The subsidies really worked for British Columbia. They worked for labour, for businesses and for communities. The subsidies were also supposed to work for our forests but the professional foresters dropped that ball when they forgot it was ultimately the public and not the tenure holders who were paying them.
That was then. Nowadays, the huge subsidies still exist but labour is a long, long way from the head of the table if they are still even in the cookhouse at all. The subsidies are being almost entirely captured by the forest tenure holders who now apply them to unearned profits, to assist with capital rent, to tenure consolidation, to mill shut-downs, to business mergers and to conversion of resource and capital infrastructure to labour free technology just right for our diminishing future forest industry.
What does this mean? It means simply that the subsidies are not being used as an industrial incentive to create jobs and add working value to our forest resources anymore. It means that we are abandoning the 100 year old assumption that the privilege of exploiting our forests should result in net public revenue, decent employment and social and economic benefits right here in BC. How did it happen? In short, it happened because the threat and hysteria of the US softwood countervail created a context not for abandoning the subsidies but for abandoning labour's involvement and beneficial interest in the subsidies.
(please continue below) Thanks, Touchwood
touchwood
6 years ago
(continued from touchwood above)
The big question then is why would the beneficiaries of these long-standing labour subsidies and forest policy arrangements allow these benefits to be redirected into the pockets and perks of BC's largest forest tenure holders?
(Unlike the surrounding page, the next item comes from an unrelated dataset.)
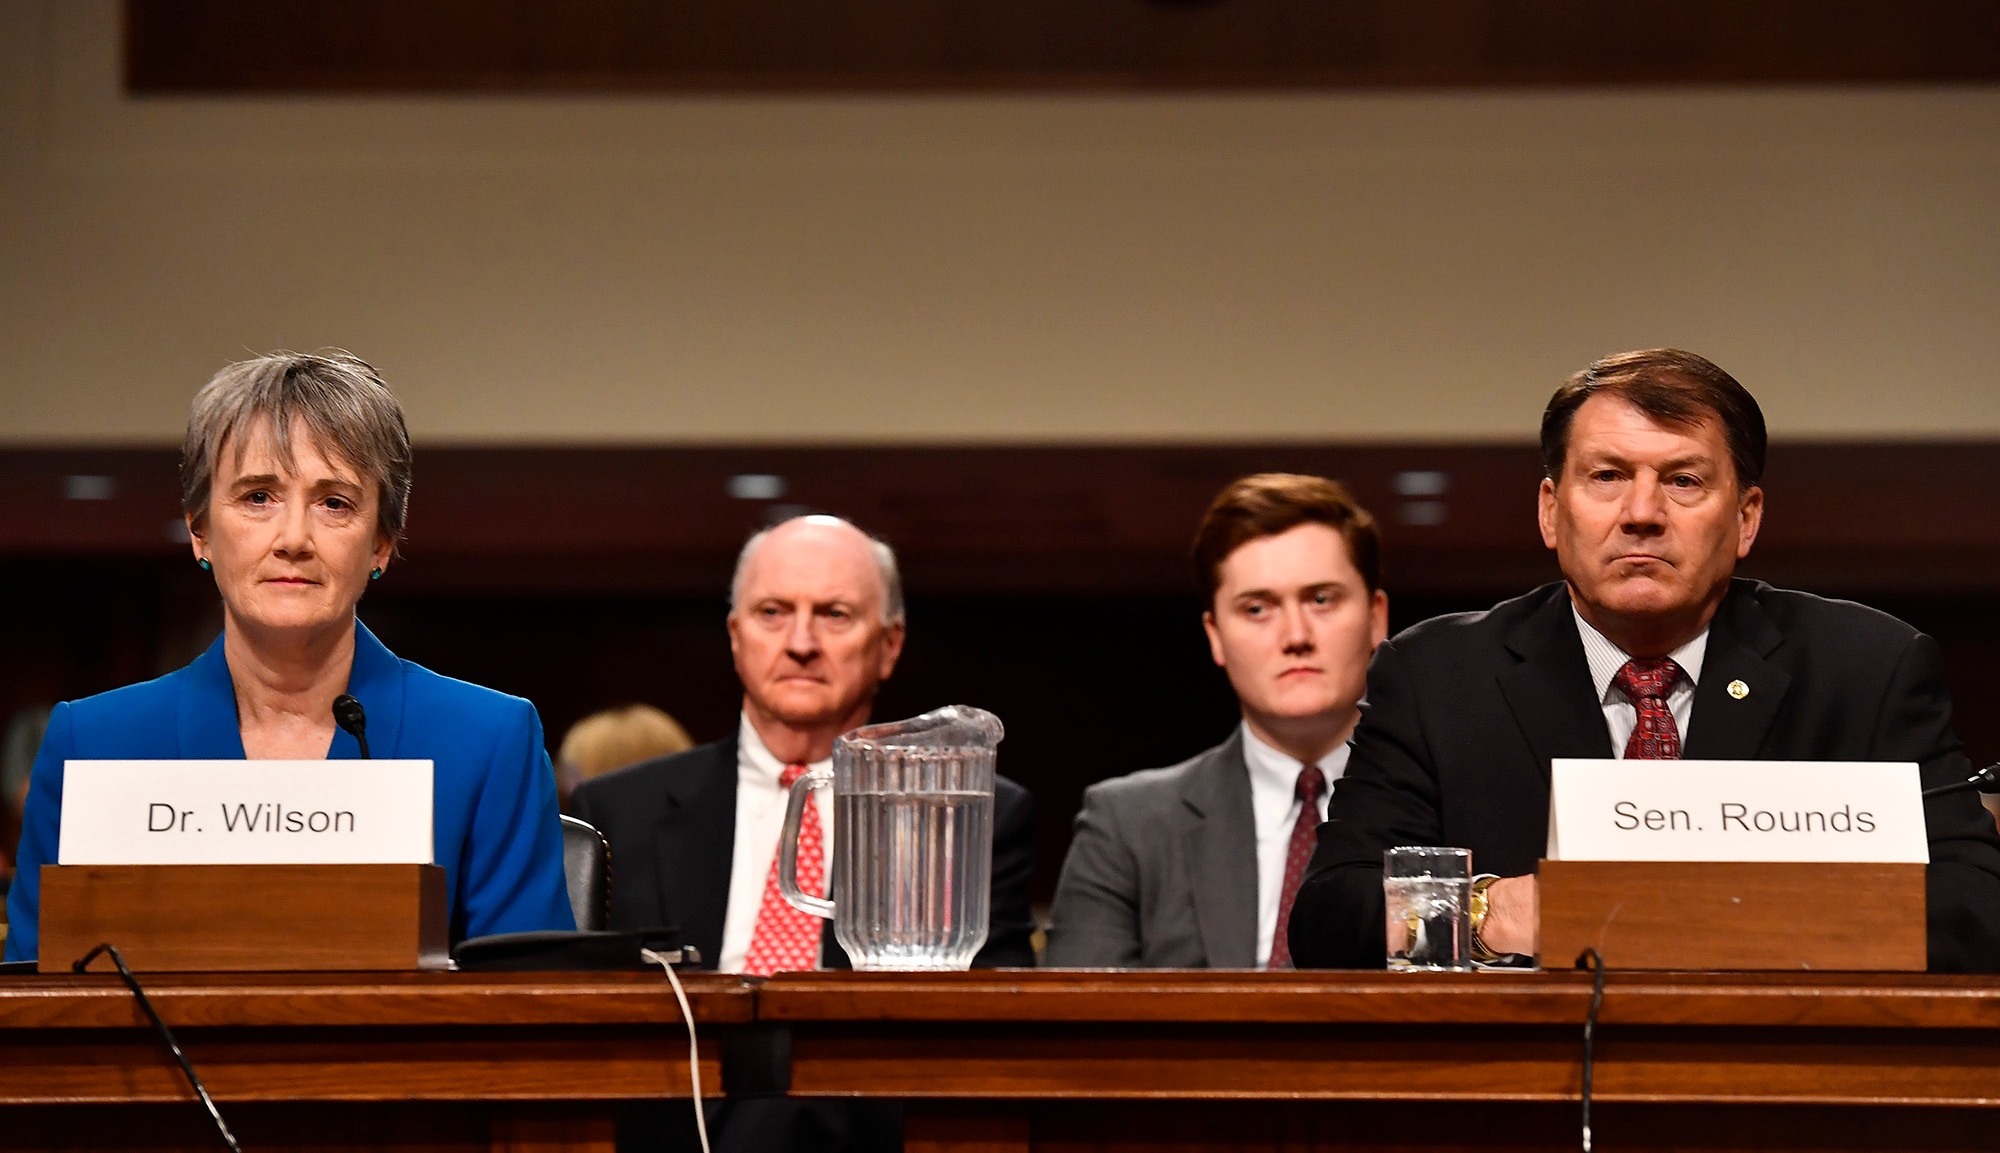 Secretary of the Air Force nominee Heather Wilson testifies before the Senate Armed Services Committee, as a part of the confirmation process March 30, 2017, in Washington, D.C.  In her opening statement, Wilson said, "We have the liberty to enjoy our blessings because thousands of America's best citizens volunteer to protect the rest of us."  (U.S. Air Force photo/Scott M. Ash)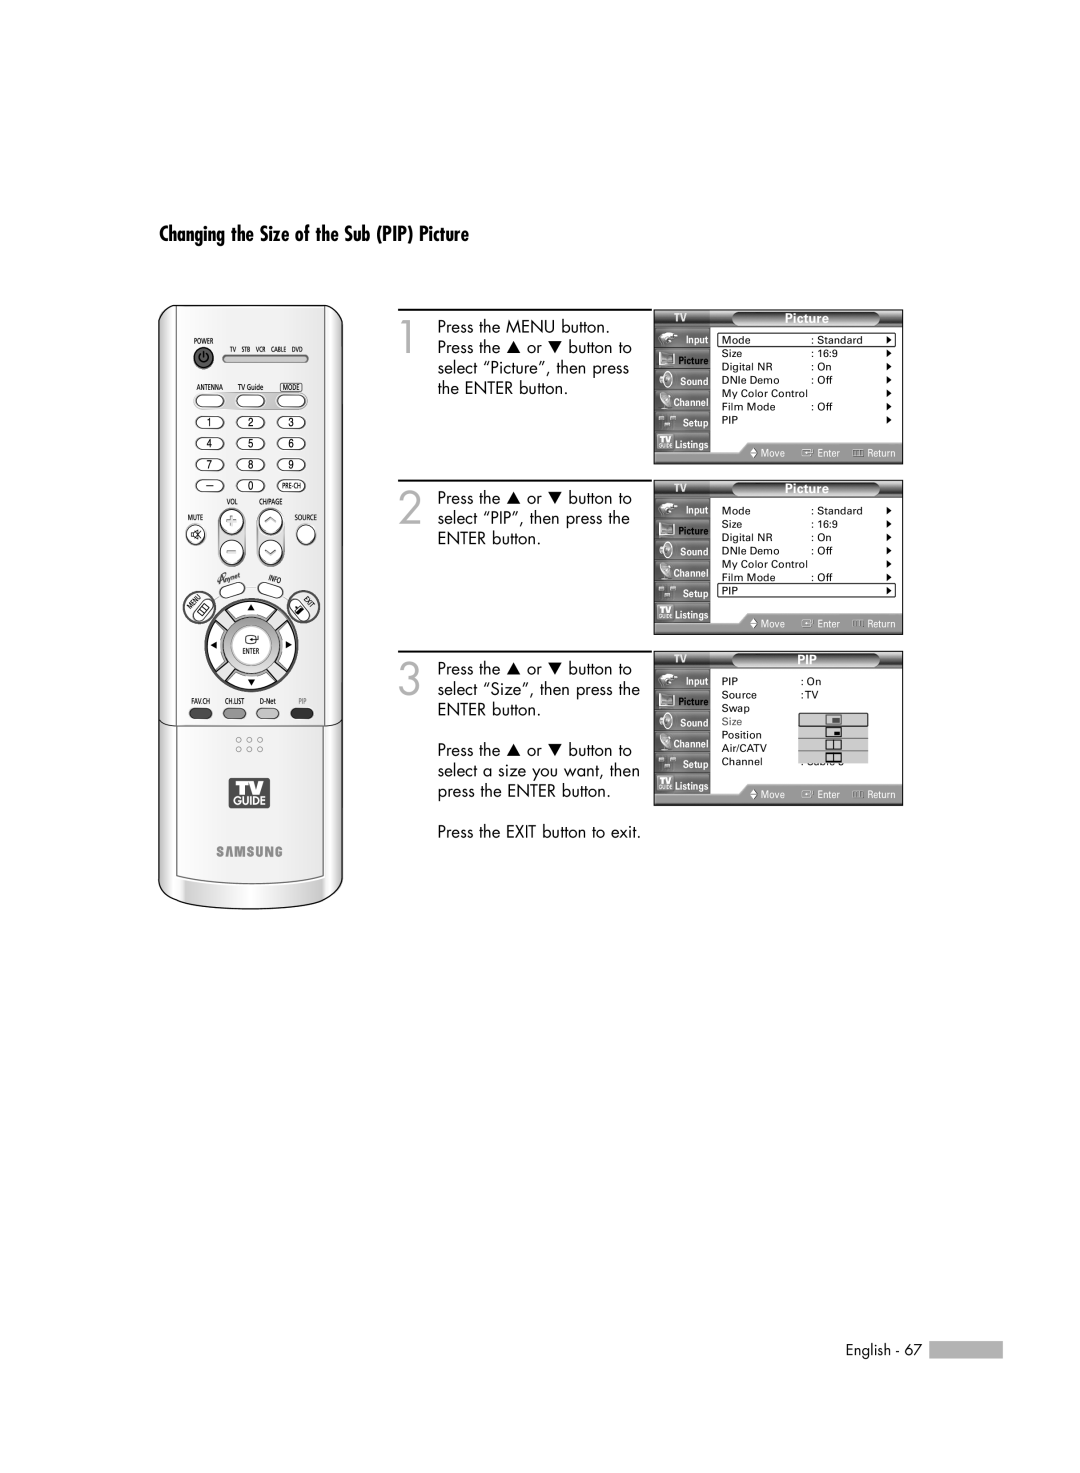 Samsung HL-R5688W manual Changing the Size of the Sub PIP Picture

The US countervail threat worked so well to deprive labour of security, our communities of certainty and our forests of timber that it is difficult indeed to see this situation as anything other than masterful dark strategy to kick labour and social expectations from underpinning industrial forest policy in BC. Arguably lumber wasn't subsidized in BC but labour was. Subsidizing labour with decent working conditions and family supporting paychecks is not a NAFTA countervailable subsidy. The americans wanted our stumpage increased simply because the globalized forest industry, represented by the softwood countervail initiative, knew that pressure to increase stumpage would support policies to privatize, consolidate and merge the forest industry and put powerful downward pressure on BC's social, environmental and labour expectations.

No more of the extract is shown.